Rob and Jess had gotten to West Suburban Hospital in Oak Park late in the evening of the 4th. They were living at 741 N Long Avenue, Jessie’s family home in Chicago, just a mile from West Suburban hospital. Jessie was a month and a half away from turning 21 and Rob had turned 25 a month earlier.
And so there I was. A noisy baby. With hair (which hasn’t lasted). The first of the second generation of the Mackenzie line in the US and the second of the Meinkes’ third US generation.
Upstairs on Long Avenue lived my Uncle John Mackenzie and his wife, Aunt Verba. They had married in September 1942, a few short weeks before my grandmother Margaret Maclennan Mackenzie died of breast cancer and sepsis.
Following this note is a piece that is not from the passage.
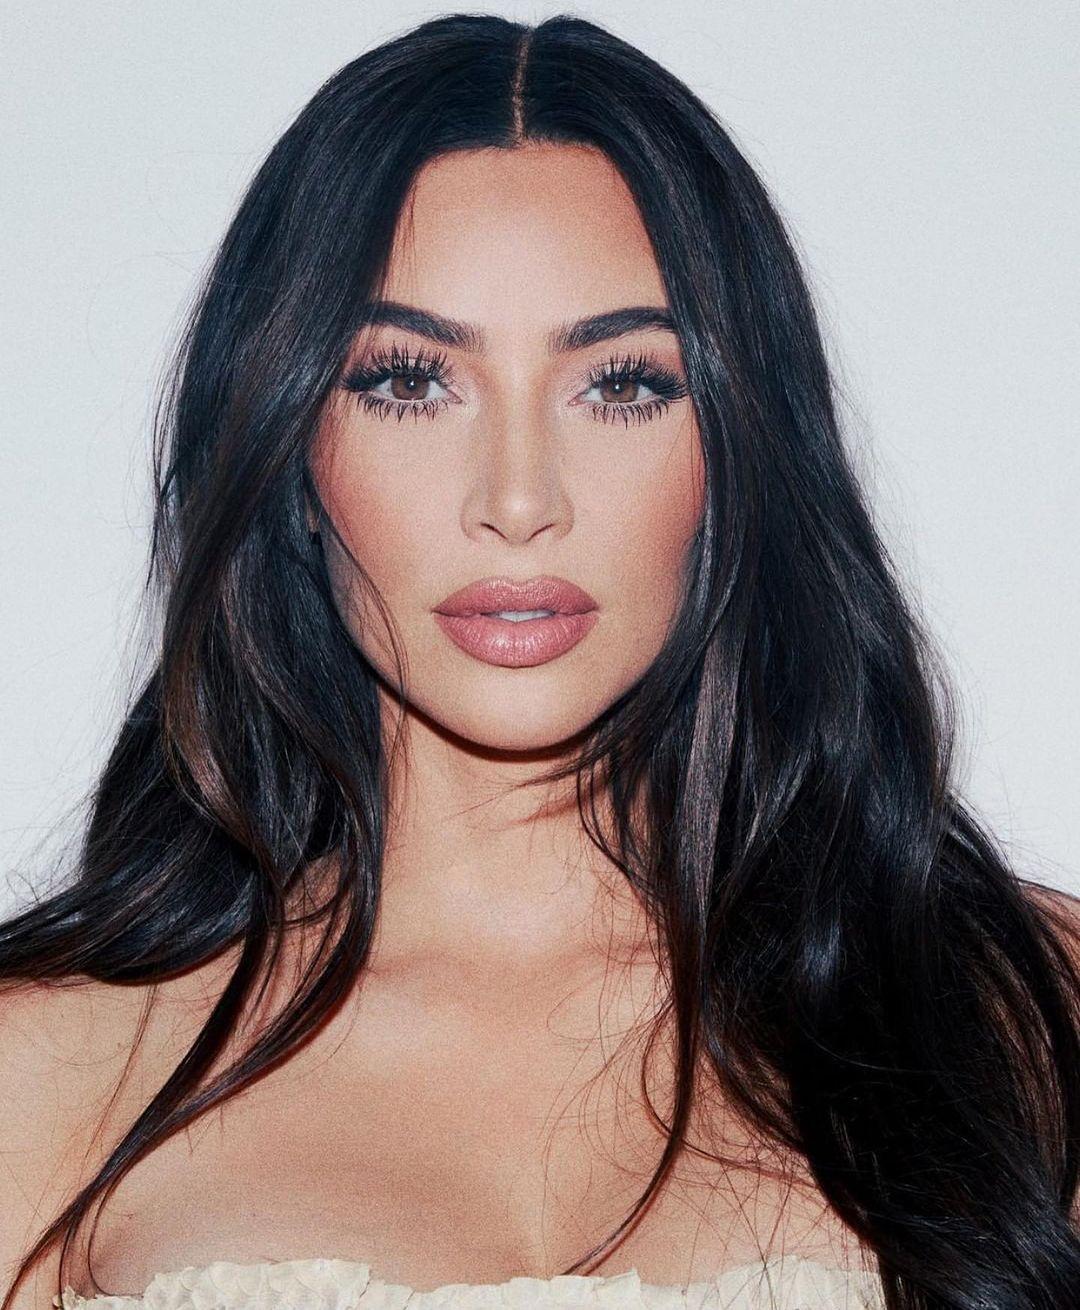 Zbulohet shifra! Kim Kardashian shpenzoi sa qimet e kokës për udhëtimin e saj të 40-vjetorit!

It wasn’t long before I was moving around. That hasn’t changed: since February 5th 1948, I’ve lived in 23 different homes in the US, England, Lebanon, Egypt, Saudi Arabia, and Kuwait. From 1969 to 1988, I actually spent 17 years living in the Middle East.
I’ve been: a church painter on the Navajo reservation at Nazlini in Arizona; a student for more years than I care to remember; a graduate student in theology and in linguistics; a researcher for the Palestine Research Center; a teacher of English as both a second language and as a foreign language; a management trainer; a treasury manager in a Kuwaiti bank; an instructor of colloquial Arabic and culture; a night desk clerk at a somewhat raunchy Red Roof Inn; a mid-career US foreign service specialist; manager of an Arabic software company’s US office; a resident in the Kuwaiti desert; finance and administration director for a cancer support organization; founder of two LGBTQ nonprofit organizations; and a volunteer docent and museum staff person.